14. ENTIRE AGREEMENT
This Agreement shall constitute the entire agreement between the parties with respect to the subject matter hereof and supersedes all prior and contemporaneous communications regarding the subject matter hereof. Use of any purchase order or other document submitted by You in connection herewith shall be for administrative convenience only and all terms and conditions stated therein shall be void and of no effect unless otherwise agreed to in writing by both parties. The terms and conditions contained in this Agreement shall prevail over any inconsistent provisions in any form or other paper submitted by You.
You may not assign, sublicense, sub-contract, or otherwise transfer this Agreement, or any rights or obligations under it, without Progress’ prior written consent.
Any provisions of the Agreement containing license restrictions, warranties and warranty disclaimers, confidentiality obligations, limitations of liability, indemnity terms and/or audit rights, and any provision of the Agreement which, by its nature, is intended to survive shall remain in effect following any termination or expiration of the Agreement.
Neither party shall be deemed in default of this Agreement if failure or delay in performance is caused by an act of God, fire, flood, severe weather conditions, material shortage or unavailability of transportation, government ordinance, laws, regulations or restrictions, war or civil disorder, or any other cause beyond the reasonable control of such party.
You will grant Progress audit rights twice within a calendar three hundred and sixty five (365) day period upon two weeks written notice, to verify Your compliance with this Agreement.
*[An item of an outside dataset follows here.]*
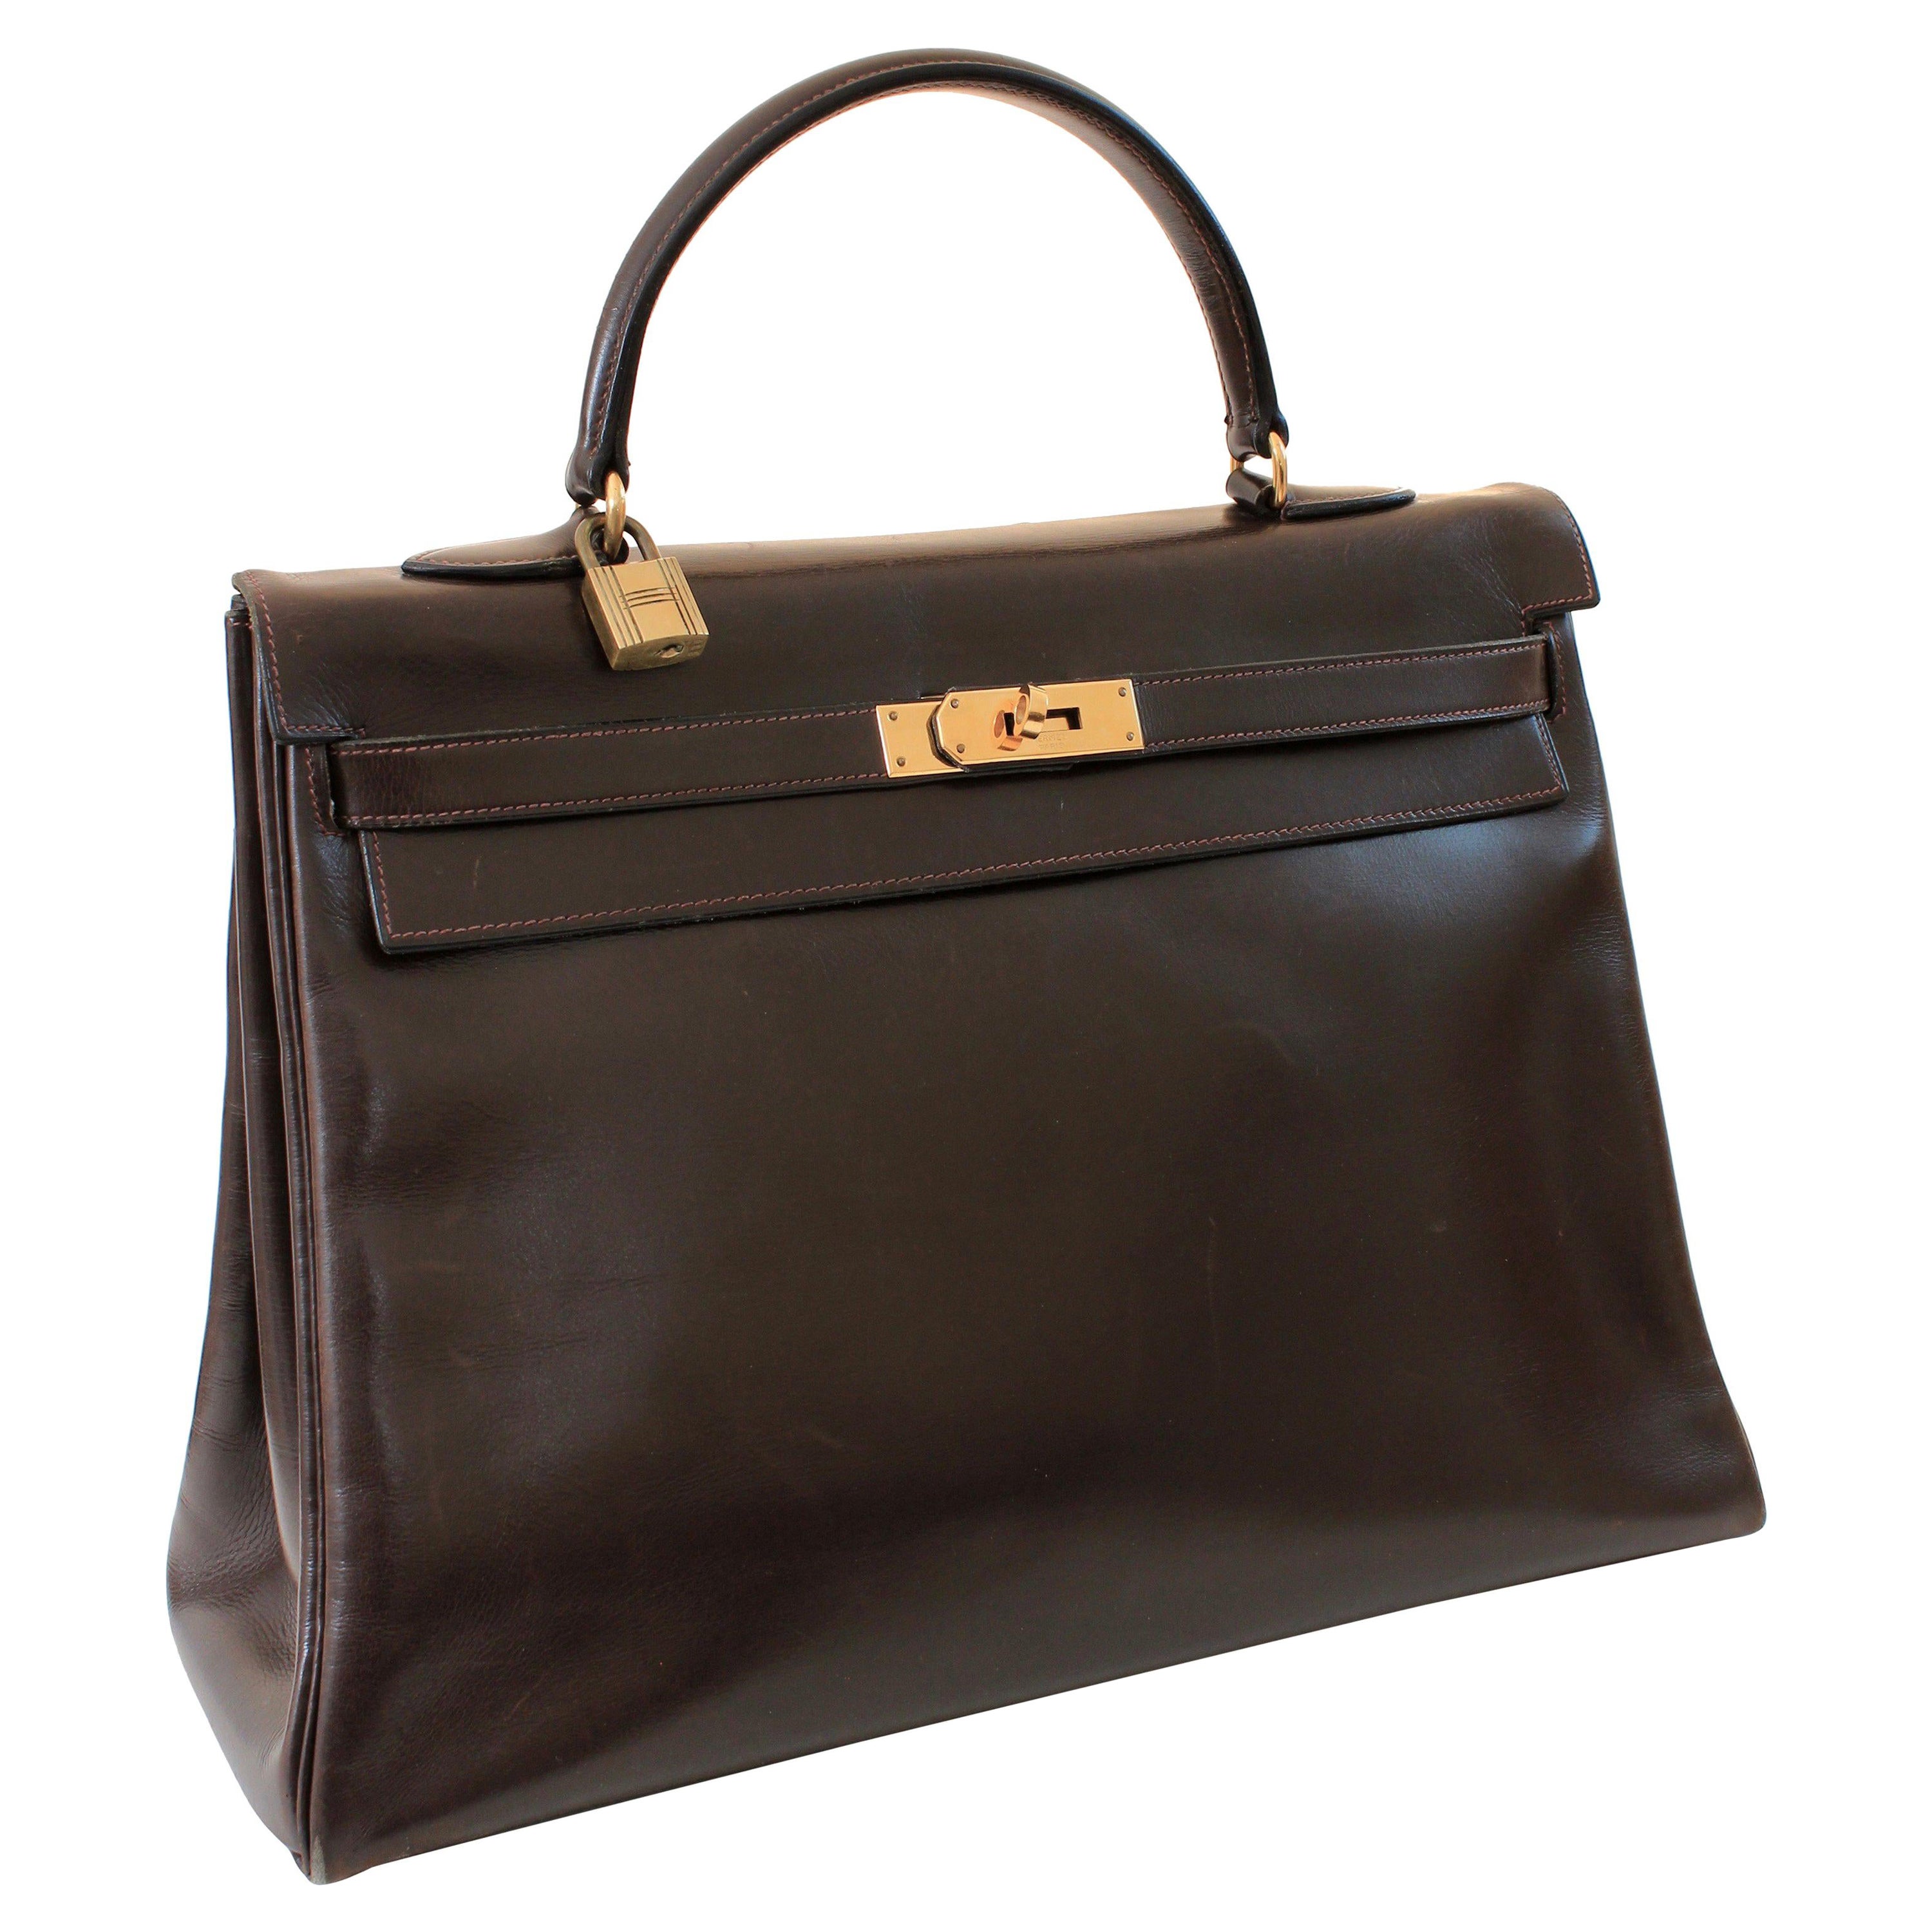 Diese fabelhafte Handtasche wurde 1945 von Hermes hergestellt.  Das ursprünglich als Sac a Depeches bezeichnete Stück wurde etwa 12 Jahre vor Grace Kelly hergestellt, die das Modell trug, das wir heute als Kelly Bag kennen.  

Die Tasche ist aus dem

You shall keep adequate records to verify Your compliance with this Agreement.
Export laws and regulations of the United States and any other relevant local export laws and regulations apply to the Software. You agree that such export control laws, including, without limitation, the U.S. Export Administration Act and its associated regulations, govern Your use of the Software (including technical data), and You agree to comply with all such export laws and regulations (including “deemed export” and “deemed re-export” regulations). You agree that no data, information and/or Software (or direct product thereof) will be exported, directly or indirectly, in violation of these laws, or will be used for any purpose prohibited by these laws including, without limitation, nuclear, chemical, or biological weapons proliferation, or development of missile technology.